■ Task item: Return each line of the listing exactly, though without its images.

■ Given material:
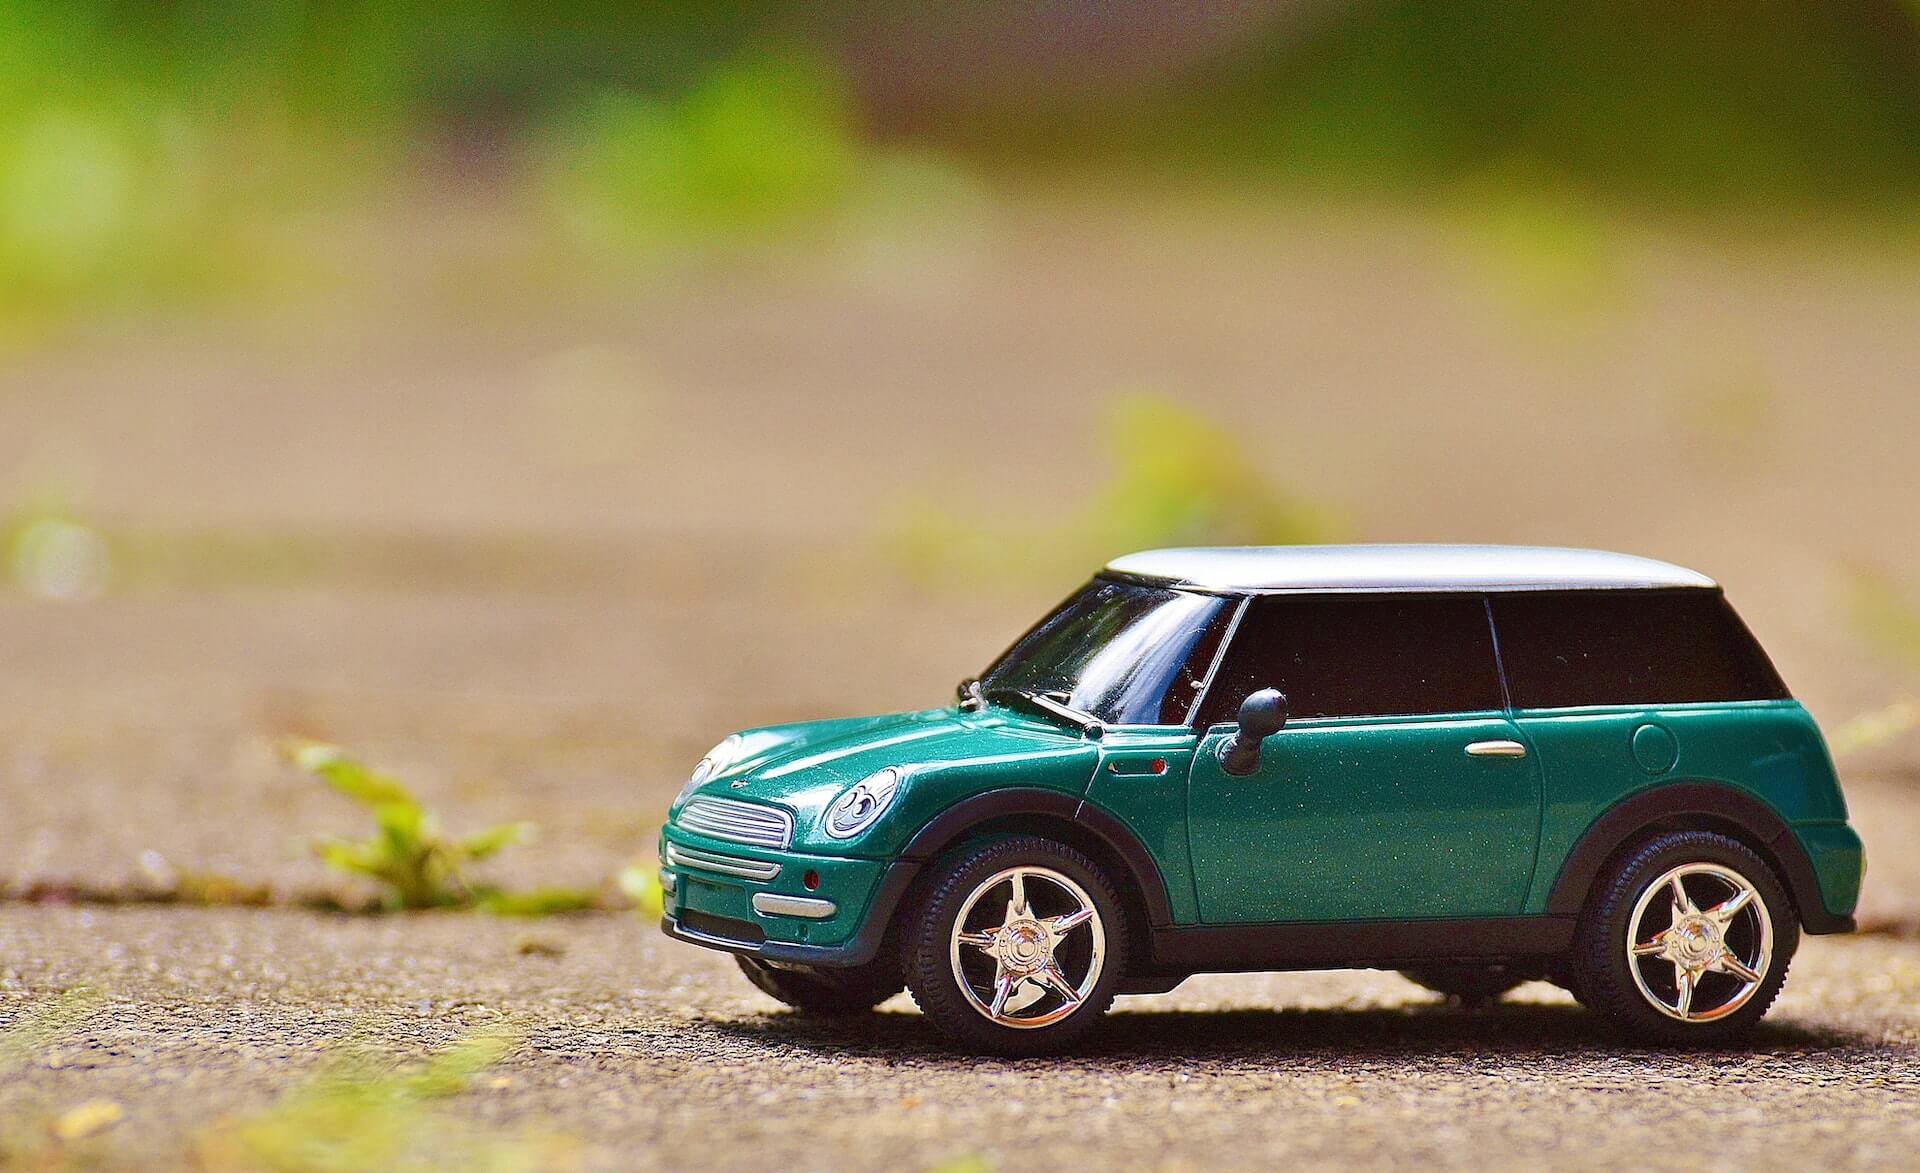 A miniature car that isn't taxed
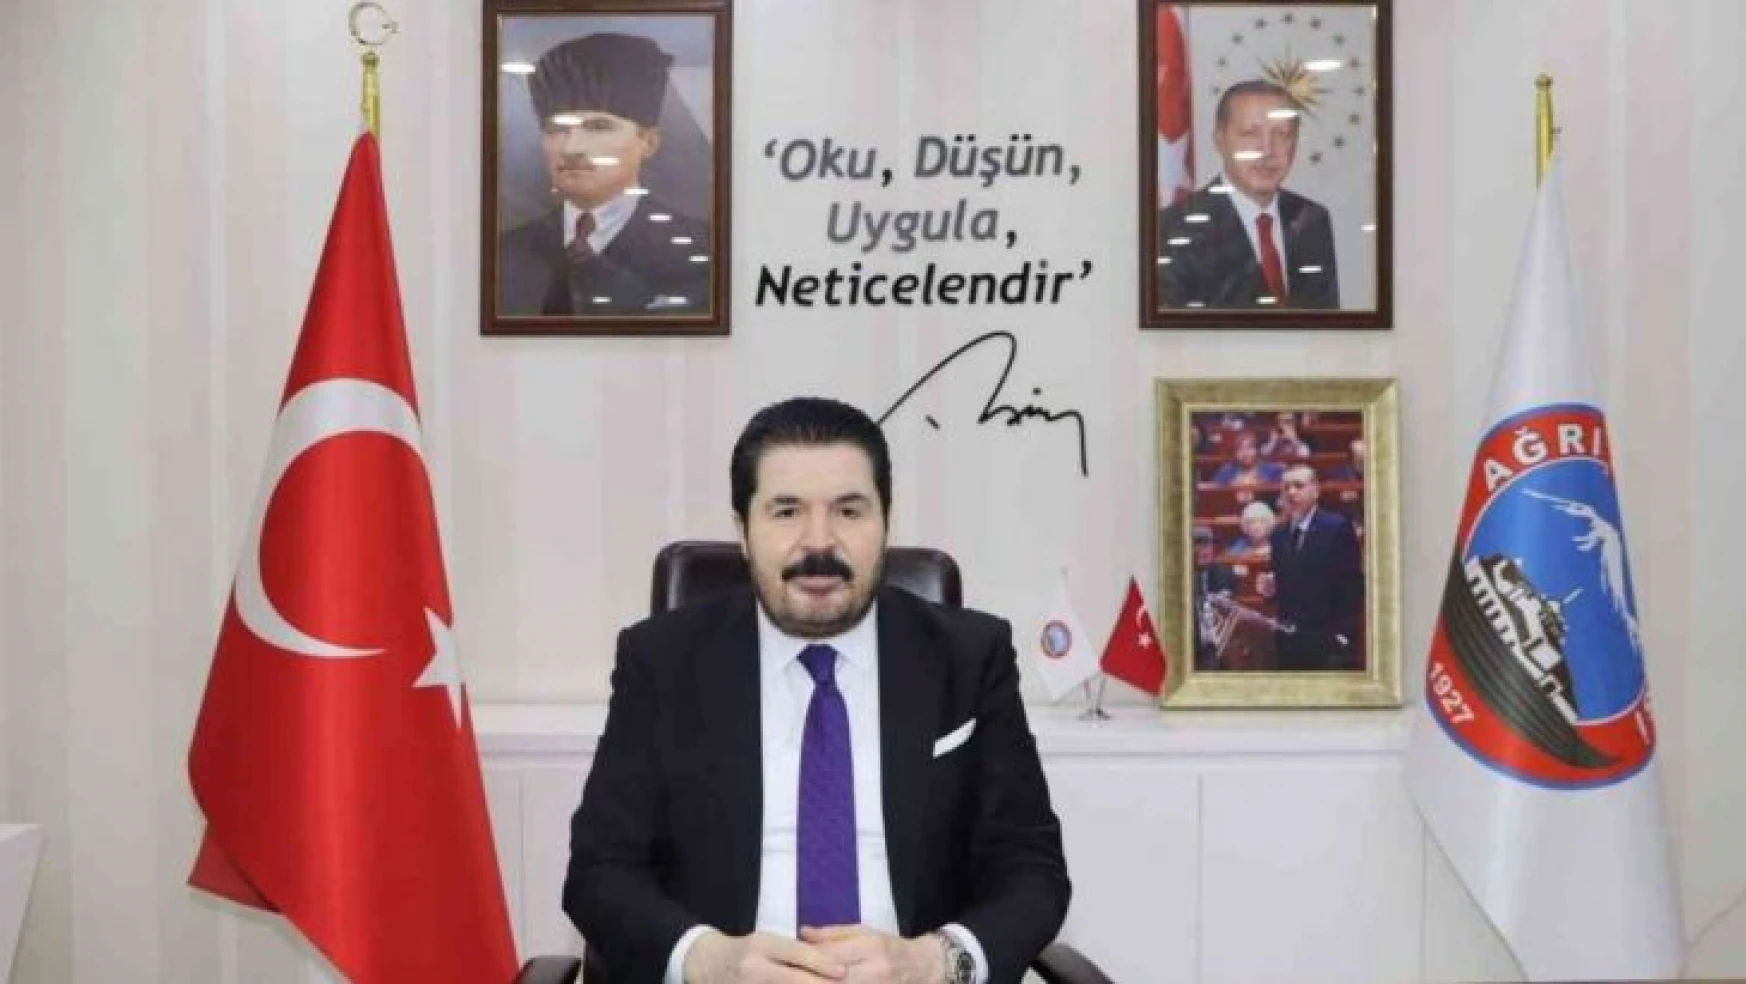 Savcı Sayan: 'Kaset olayı Türkiye'nin yeniden dizayn edilmesi olayıydı'
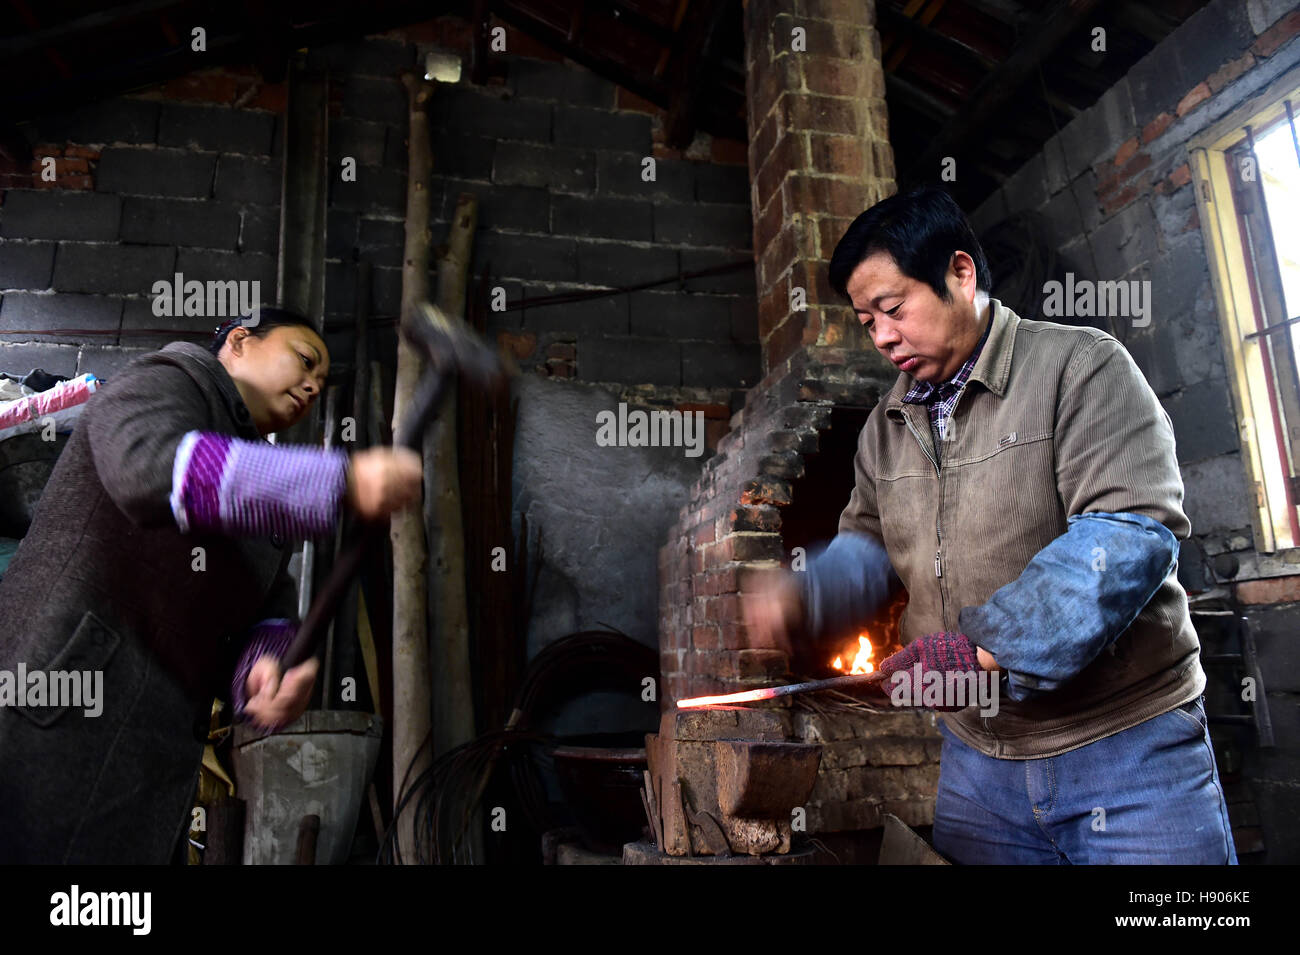 (161117)--JINGXIAN, 17. November 2016 (Xinhua)--Yu Songtao und seine Frau schlug die Bewehrung für die Herstellung von Schere in Houshan Dorf unter Dingjiaqiao Stadt Jingxian County, der ostchinesischen Provinz Anhui, 17. November 2016. Yu Songtao, die Erbin der Technik der Schere Produktion in Houshan Dorf leistet Schere seit 35 Jahren seit er 15 Jahre alt war. Es gibt über 80 Verfahren bei der Herstellung der Schere. Yu ist nur ein Dutzend von ihnen jeden Tag wegen der komplizierten Handwerk möglich. Er wünscht sich, dass mehr Menschen über die Technik so, dass dieser immateriellen erfahren kulturellen Welterbe Stockfoto

■ Answer below:
 A miniature car that isn't taxed
 Savcı Sayan: 'Kaset olayı Türkiye'nin yeniden dizayn edilmesi olayıydı'
 (161117)--JINGXIAN, 17. November 2016 (Xinhua)--Yu Songtao und seine Frau schlug die Bewehrung für die Herstellung von Schere in Houshan Dorf unter Dingjiaqiao Stadt Jingxian County, der ostchinesischen Provinz Anhui, 17. November 2016. Yu Songtao, die Erbin der Technik der Schere Produktion in Houshan Dorf leistet Schere seit 35 Jahren seit er 15 Jahre alt war. Es gibt über 80 Verfahren bei der Herstellung der Schere. Yu ist nur ein Dutzend von ihnen jeden Tag wegen der komplizierten Handwerk möglich. Er wünscht sich, dass mehr Menschen über die Technik so, dass dieser immateriellen erfahren kulturellen Welterbe Stockfoto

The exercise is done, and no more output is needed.